I like to keep those green filament wires tucked inside the front lip of the chassis, well away from the circuit. The filaments are AC voltage and the circuit runs on DC. If you get the filament wiring too close to the board it can cause a bit of hum if you're unlucky.  I like how you've twisted the pairs around each other - that helps keep the noise down.

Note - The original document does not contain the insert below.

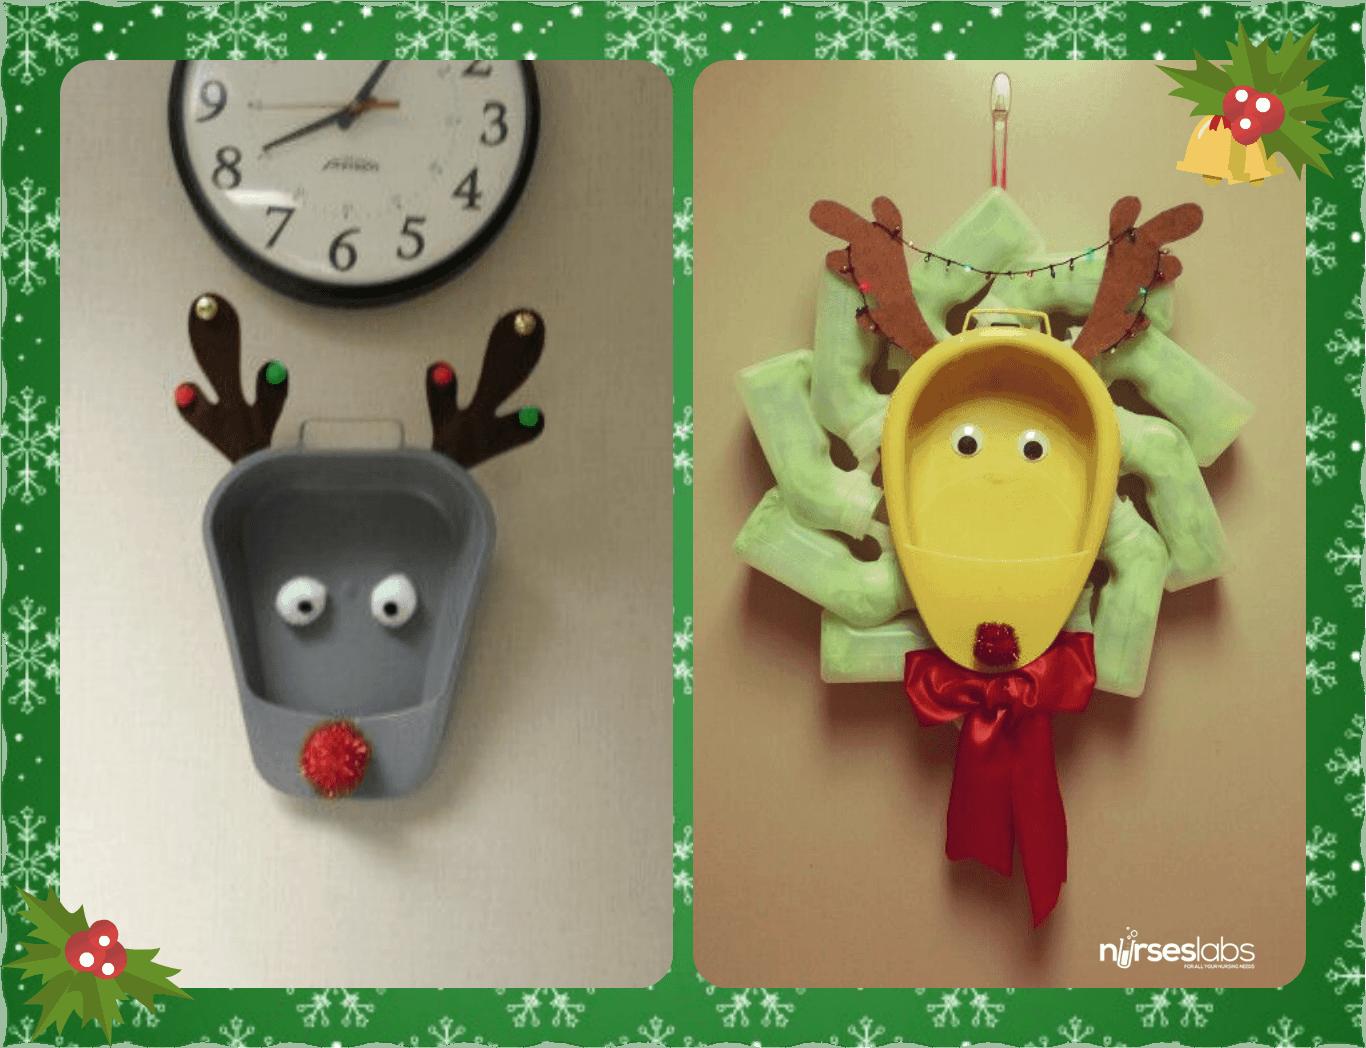 Nursing Reindeers for Christmas

The good thing about an amp like that is that it's not hard to troubleshoot because there's not much there! Be careful because it is extremely addictive. My suggestion for a "next build" would be a 5E3 Deluxe or a 5F11 Vibrolux.  Very usable amps.  The only thing i don't like about kits is that I like to use something different in all of them!  The Mojotone kits are pretty good. I like to use F+T electrolytics, Sozo coupling caps and carbon film resistors.  Carbon comp are the mojo choice but can be noisy and can drift in value.


----------



## chongmagic (Apr 6, 2020)

Here is a little clip of me doodling around with it. Had some static but I believe I have it all worked out.


----------



## jjjimi84 (Apr 6, 2020)

If you put it in the cabinet with the completion of the faraday cage does the hum go away?

Either way it sounds really nice, great job.


----------



## MightySmallElectrons (Apr 6, 2020)

Sound good Chong! Love a Champ and now there’s one more thing I envy that you can do!!


----------



## Barry (Apr 6, 2020)

Sounds nice when it's not fizzing


----------



## Chuck D. Bones (Apr 6, 2020)

Sounds bitchen!  Nice playing.  This proves you don't need a 100W amp with a dozen knobs to get a great tone.  That intermittent noise sounds like a loose ground to me, in the input side of the circuit.  Or a funky 12AX7A.  The Volume pot is suspect too.  CC resistors have mojo, but they also have reliability issues.  Put an audio probe on Pin 1 or pin 6 of the 12AX7A when the noise is happening and see if you hear it there too.  *Make sure the cap on the audio probe is 400V or higher and be careful.*

One more suggestion: the video could be longer.


----------



## chongmagic (Apr 7, 2020)

One more using the Chalumeau.


----------